CHEZ LES ÉDITEURS. — Faisons maintenant un tour rapide des éditeurs. Nous avons toutes chances d’y rencontrer des Montdidériens, représentés par leurs œuvres.

  • Chez LIBERT. — Un « Eloge d’Antoine Froissart, prieur de N.-D. », « auctore Johanne Hollandre, Mondiderino ». 1614.
  • Chez ANTOINE ESTIENNE. — Du même, un in-octavo de 365 pages « Répliques à un ministre protestant ». 1623.
  • Chez FOUET. — La 6e édition de la « Vie de Pierre de Luxembourg, cardinal, évêque de Mets », ouvrage jouissant d’une telle vogue que la mode devint alors de donner aux enfants le prénom de « Pierre de Luxembourg ».
  • Chez JEAN BRANCHU. — 2 volumes in-8° de 400 pages chacun : « Histoire des Saincts papes, cardinaux et autres hommes illustres qui furent  prieurs ou régens en théologie du couvent de St-Jacques à Paris ), par Antoine Mallet. 1634-1645.
  • Chez DENYS LANGLOIS,  « à l’enseigne du Pélican » : « Les œuvres poétiques demaistre Adrian de la Morlière », nouvelle édition« guary de ses playes ». 1617. et : « Traité sur la coutume de Montdidier », par Claude Le Caron.
  • Chez DENYS MOREAU,  « à la Salamandre ». — « Le premier livre des Antiquités d’Amiens », par Adrian de la Morlière et les œuvres de Nicolas de Lestocq, prêtre, docteur en théologie, curé de St-Laurent, à Paris, fils d’Annibal de Lestocq, maïeur de Montdidier.
  • Chez SÉBASTIEN CRAMOISY. — « A la boutique de l’Angelier, au 1er pilier de la grande salle du Palais : « Les Antiquités et choses les plus remarquables de la ville d’Amiens ». 1642, et « Recueils de plusieurs nobles et illustres maisons vivantes et esleinies en l’étendue du diocèse d’Amiens », par Adrian de la Morlière.
  • Chez ANTONIUS DUZALLIER. — « via Jacobœa, sub signo coronœ aureae », 2 volumes in-folio de Bon de Merbes, enfant de Montdidier et principal du collège de cette ville : « Summa Christiana », ouvrage qui fut encore réimprimé, cent ans après la mort de l’auteur, à Turin et à Venise.
  • Un PEU PARTOUT. — Les œuvres de Charles Mallet, montdidérien, vicaire général de Rouen, ancien précepteur du futur archevêque de Paris François de Harlay, ouvrages édités à Rouen et répandus de Rouen à Paris, et de Paris jusqu’à Rome ; Charles Malletméritant le titre de « catholicœ veritatis defensor,acerrimus clypeum religionis et gladium ».Enfin, « Apud Ludovicum de la Fosse, via carmelitana, sub signo speculi », l’œuvre de Dom Bonaventure Fricourt, religieux bénédictin du Prieuré de Montdidier : « Tragœdia sancti Luglii et Lugliani, data apud montem. Desiderium, in au la Montdiderina ». 1665.

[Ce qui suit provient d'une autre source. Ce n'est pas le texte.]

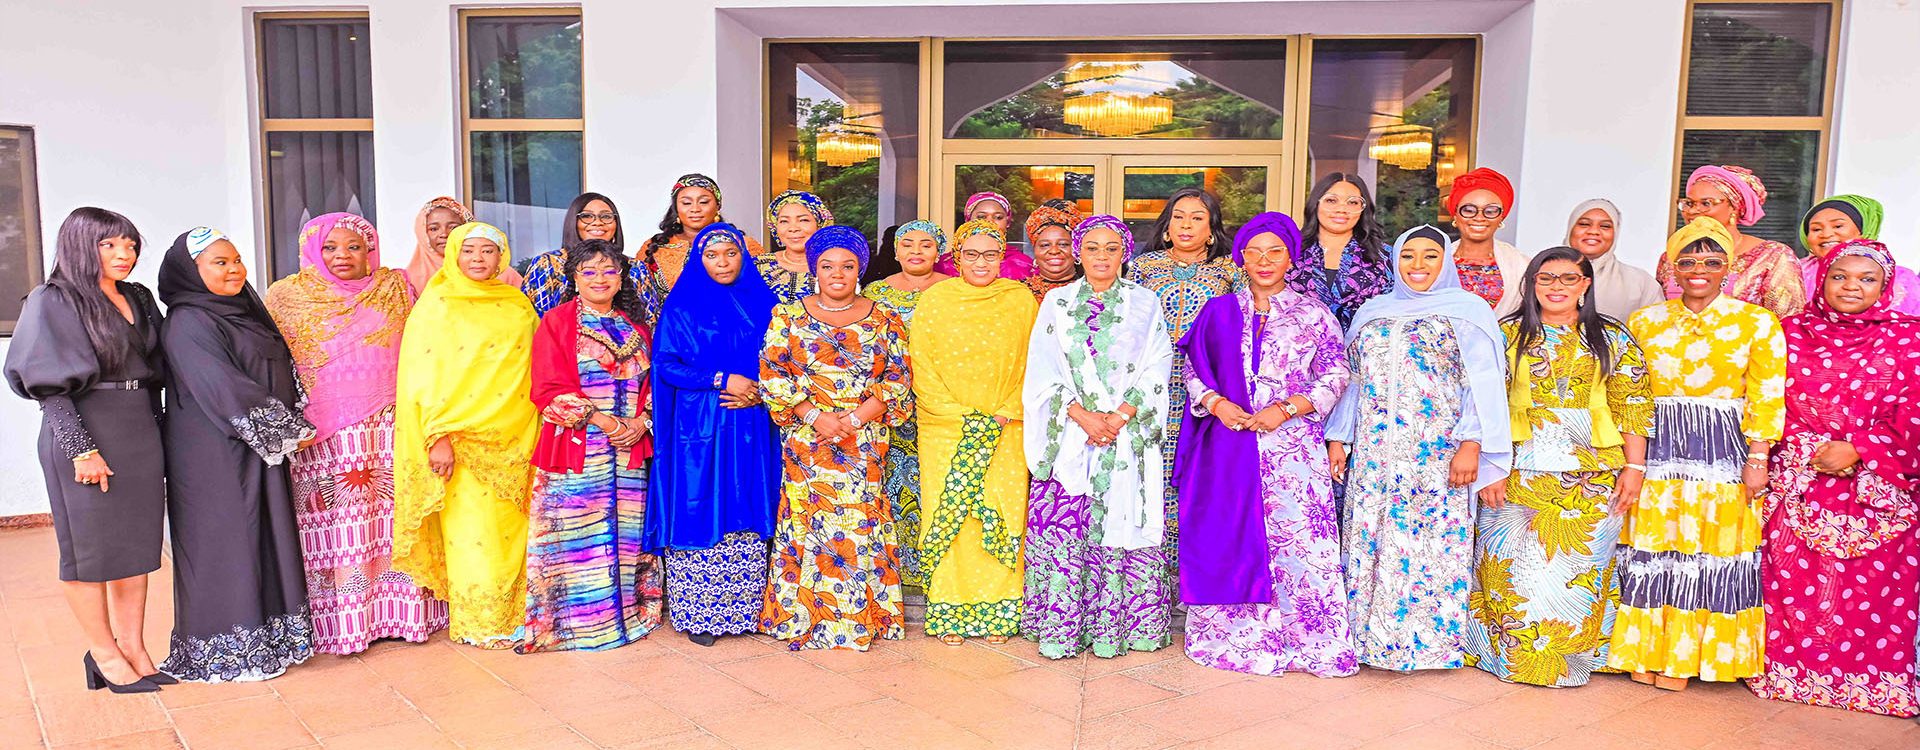 First Lady meets governors’ wives in Abuja over Renewed Hope Initiative project

Ce qui prouve qu’en l’an de grâce 1655 on pouvait trouver, dans la petite ville de Montdidier, 28 jeunes gens capables d’interpréter une tragédie latine, et un auditoire capable d’écouter sans sourciller plus de 1.200 vers latins.

 

Dans les milieux ecclésiastiques et universitaires de la capitale, Montdidier avait la réputation d’être — entre toutes les villes de Picardie — la plus cultivée : « Cultissima urbs, cujus indigence cœteris Picardiœ ingenio prevalent », écrivait en 1648 le P. Briet dans sa géographie.

En 1675, les Bollandistes exprimaient la même opinion courante en qualifiant, à leur tour, la ville de Montdidier d‘Oppidum cultissimum.

C’est ainsi que naquit, en plein grand siècle de culture, l’honorable épithète qui deviendra plus tard la devise d’une petite ville de Picardie.


De quelle façon curieuse l’épithète « Cultissima », érigée en devise, fut un beau jour accolée aux armoiries de Montdidier

« L’honorable épithète » a subi avec succès l’épreuve des siècles.

Depuis 1648, elle plane au-dessus de la ville.  Mais elle risque d’être emportée à jamais par le mauvais vent qui souffle sur Montdidier en la seconde partie du XIXe siècle.

La politique et les jalousies ont semé la discorde.

Adieu les « bonnes maisons » et les belles réunions. L’art de la conversation a vécu. Il n’y a plus place que pour des joueurs en cette époque.

Le dernier coup était porté à la société cultivée. Les temps semblent révolus. Désormais l’ Urbs Cultissima n’appartient plus qu’à l’Histoire.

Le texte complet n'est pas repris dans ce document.